Tools/Resources Mentioned:
- Journal of the American Medical Association (JAMA): A preeminent medical journal that published the RAND/Harvard study discussed in the video.
- RAND Corporation: A very famous research and development think tank that co-authored the study.
- Harvard University: Co-authored the study on physician compensation.
- The Gist Newsletter: A fantastic newsletter mentioned by Dr. Bricker, which provided an anonymous quote from a physician practice leader.
Key Concepts:
- Value-Based Care/Reimbursement: A healthcare payment model that rewards providers for the quality of care they deliver, rather than the quantity of services. It aims to improve patient outcomes and reduce costs.
- Fee-for-Service (FFS): A traditional payment model where healthcare providers are paid for each service they perform (e.g., office visit, test, procedure). This model incentivizes volume.
- Relative Value Units (RVUs): A measure of the value of a physician's work, used in the fee-for-service system. RVUs consider the physician's work, practice expense, and malpractice expense, and are used to determine physician compensation.
- Payment Innovation/Alternative Payment Models (APMs): Initiatives by government and insurance carriers to move away from traditional fee-for-service models towards value-based care.

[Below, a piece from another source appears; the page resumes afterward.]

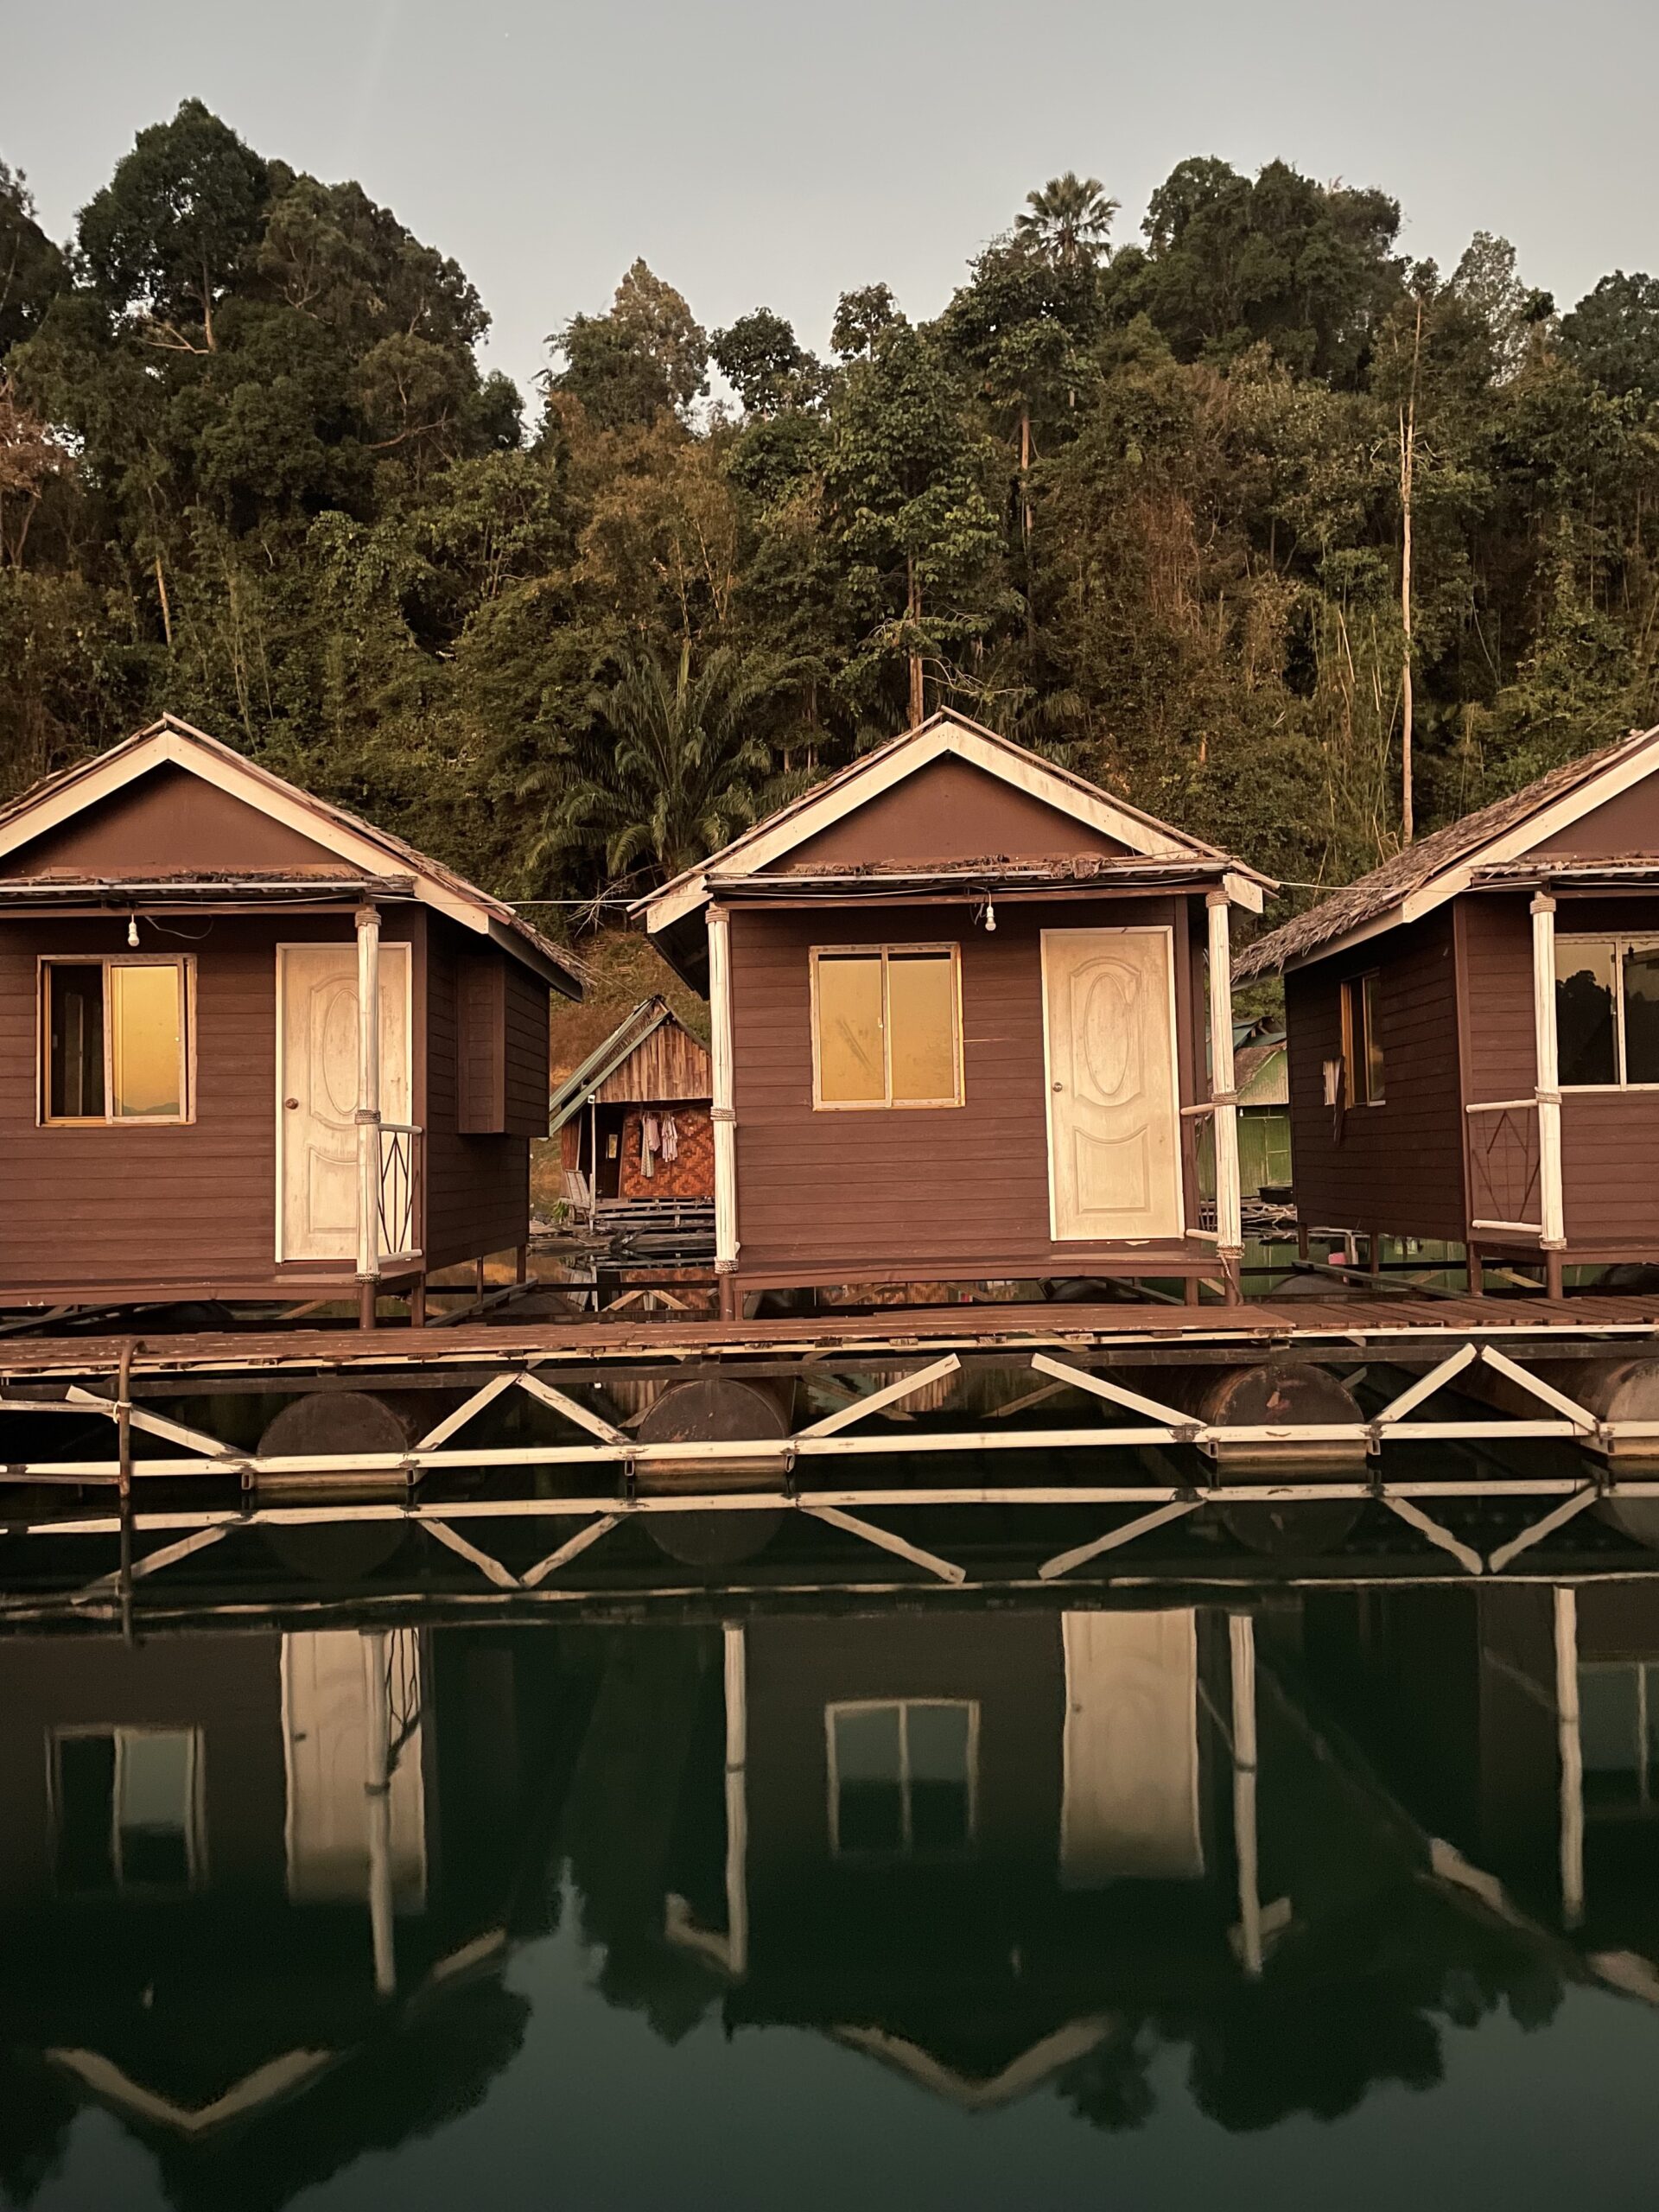 khao sok overnight tour - jungle huts khao sok - slapen national park khao sok - khao sok riverside cottages

- Hospital System-Owned Practices: Physician practices that are directly employed by or affiliated with hospital systems, representing about 50% of doctors in the U.S.
Examples/Case Studies:
- RAND and Harvard University Study (Published in JAMA, January 28, 2022): The central example, this cross-sectional study examined 31 physician practices owned by 22 different hospital systems to analyze physician compensation structures. Its key finding was the overwhelming dominance of volume-based incentives for both primary care physicians and specialists.
- Anonymous Quote from a Physician Practice Leader (from The Gist newsletter): A real-world perspective from a leader within a hospital-owned physician group, acknowledging that the pressure to maximize specialist referrals is always present and "undoubtedly limits our ability to innovate." This quote corroborates the study's findings about the internal focus on revenue maximization.